But we still have a problem: There is currently no way to talk about the size of the generated inputs. Let’s say we want to check an expensive algorithm over lists, for example with a complexity of $\mathcal O(n^3)$ over lists. A naive implemenation of a list generator would take a a random size, and then give you some generator for lists. The problem arises at the use site: Whenver you want to change the size of the generated inputs, you need to change the expression constructing the generator.

But we’d like to do better here:

For this post, there should be a way to specify a maximum size of generated values, together with a way to influence that size in the tests without having to modify the generators.

Here’s how we can do that:

import scala.util.Random

trait Gen[T] {
  def generate(size: Int, rnd: Random): T

  override def toString: String = "<gen>"
}

object Gen {

  val int: Gen[Int] = new Gen[Int] {
    def generate(size: Int, rnd: Random): Int = {
      val range = size * 2 + 1
      rnd.nextInt(range) - size
    }
  }

  def list[A](genA: Gen[A]): Gen[List[A]] = new Gen[List[A]] {
    def generate(size: Int, rnd: Random): List[A] = {
      val length = rnd.nextInt(size + 1)
      List.fill(length)(genA.generate(size, rnd))
    }
  }

}

We can now check this (note that for the purpose of this post we’ll be using fixed seeds):

def printSample[T](genT: Gen[T], size: Int, count: Int = 10): Unit = {
  val rnd = new Random(0)
  for (i <- 0 until size)
    println(genT.generate(size, rnd))
}

scala> printSample(Gen.int, 10)
2
6
-6
-8
1
4
-8
5
-4
-8

scala> printSample(Gen.int, 3)
2
-1
1

scala> printSample(Gen.list(Gen.int), 10)
List()
List(-6, -8, 1, 4, -8, 5)
List(-8, -2)
List(4, 6)
List(4, 0)
List(10, 4, -9, -7, 7)
List(-8, 6, -4, 9, -1, 10, 4, 7, -8)
List(1, 7, -7, 4, 0, 5, 4, 9, 7, 4)
List(5, 9, -3, 3, -10)
List()

scala> printSample(Gen.list(Gen.int), 3)
List(-1, 1)
List(1, -3)
List(-2, 3)

That’s already pretty cool. But there’s another hidden design decision here: We’re using the same size on all sub-elements in the generated thing. For example, in Gen.list, we’re just passing the size through to the child generator.

SmallCheck does that differently: The “size” is defined to be the total number of constructors in the generated value. For integer numbers, the “number of constructors” is basically the number itself. For example, the value List(1, 2) has size $2$ in our framework (length of the list), but size $1 + 2 + 2 = 5$ in SmallCheck (roughly: size of all elements plus length of list).

Of course, our design decision might mean that stuff grows too fast.
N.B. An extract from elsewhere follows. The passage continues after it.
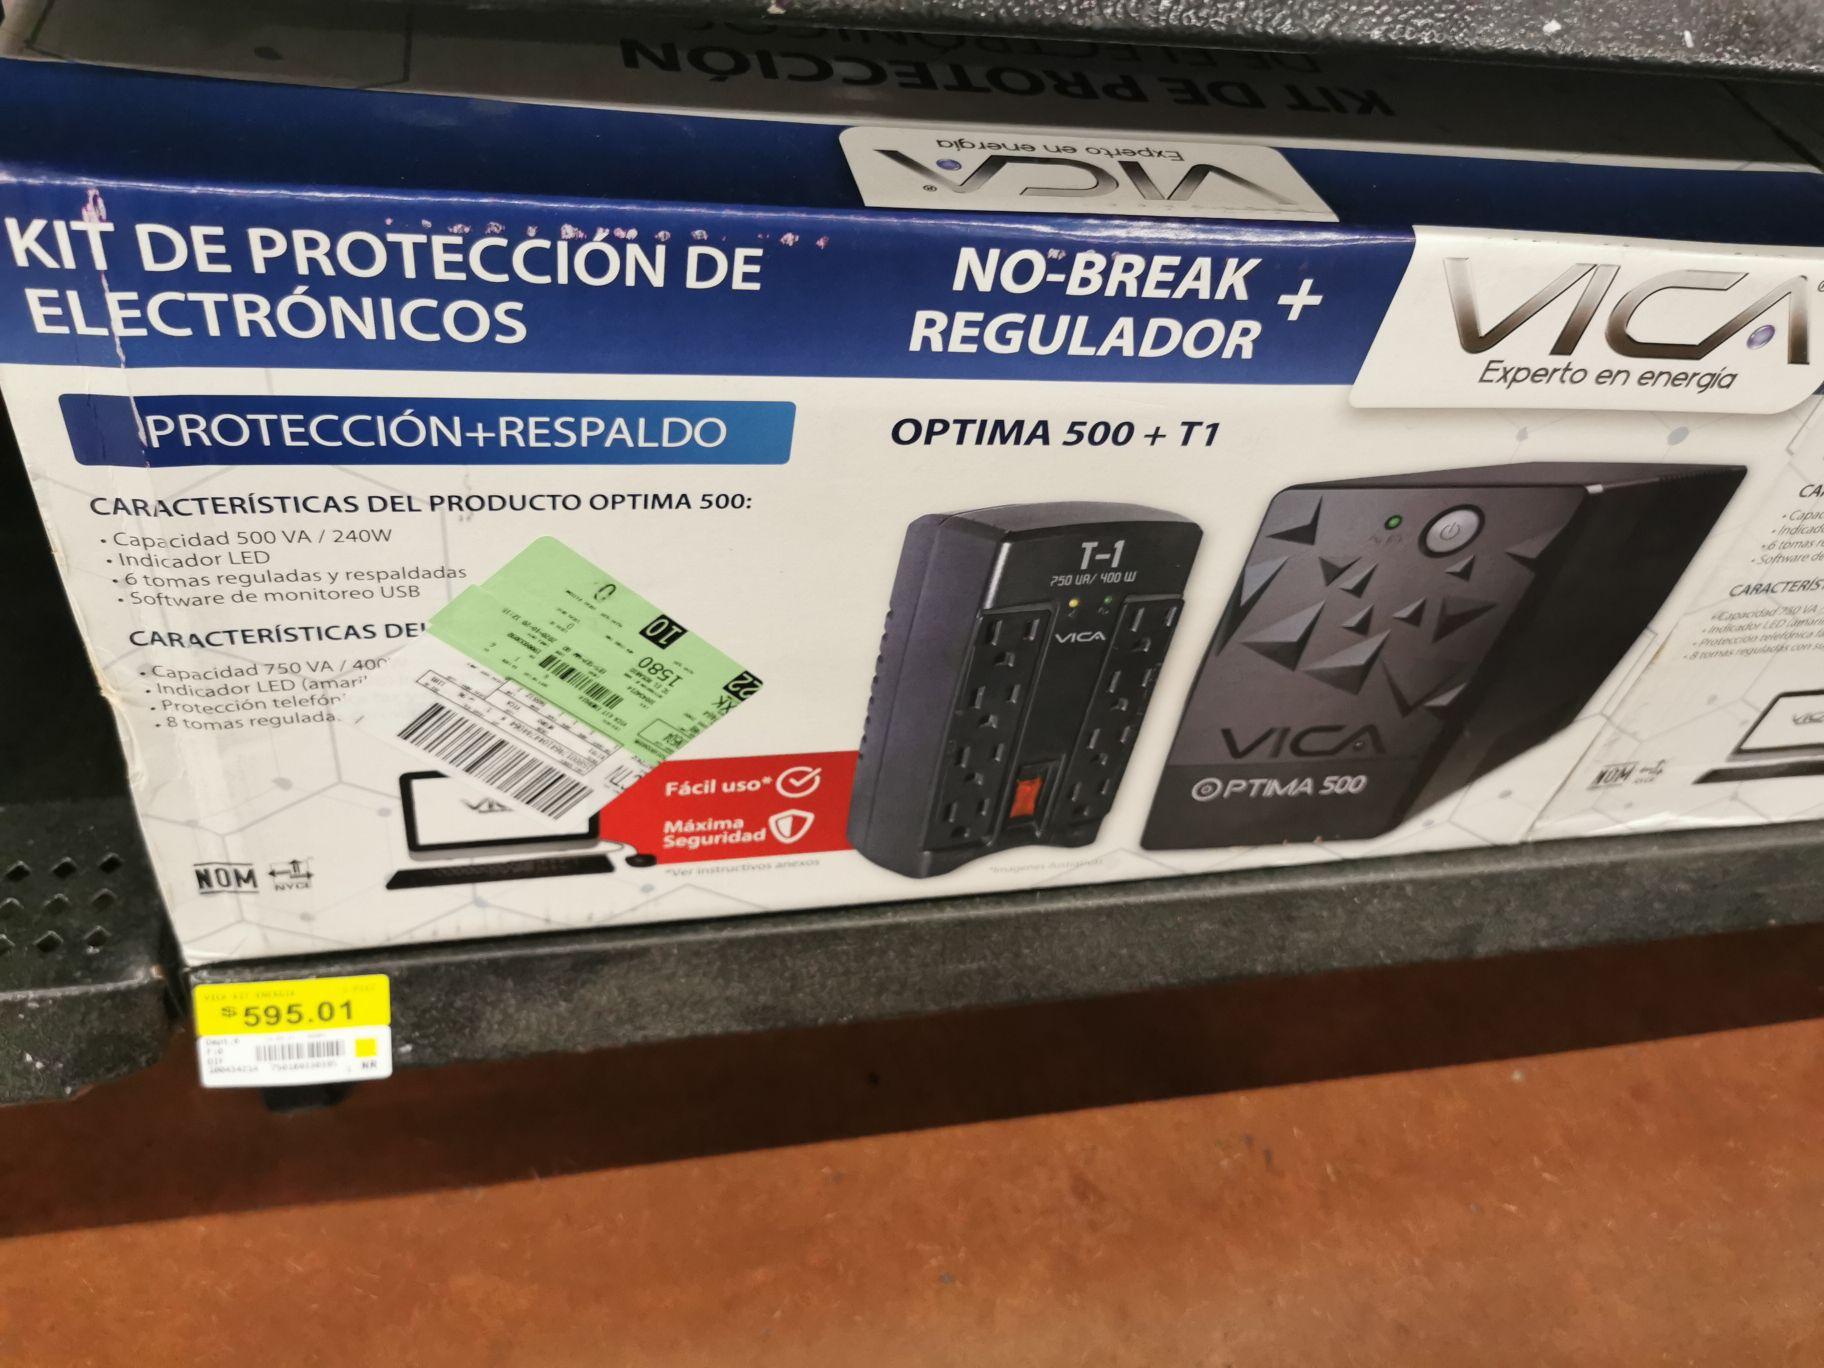 Walmart: No Break más regulador Vica

The explicit size parameter can be used to alleviate that, especially for writing recursive generators:

def recList[T](genT: Gen[T]): Gen[List[T]] = new Gen[List[T]] {
  // extremely stupid implementation, don't use it
  def generate(size: Int, rnd: Random): List[T] =
    if (rnd.nextInt(size + 1) > 0)
      genT.generate(size, rnd) :: recList(genT).generate(size - 1, rnd)
    else
      Nil
}
// recList: [T](genT: Gen[T])Gen[List[T]]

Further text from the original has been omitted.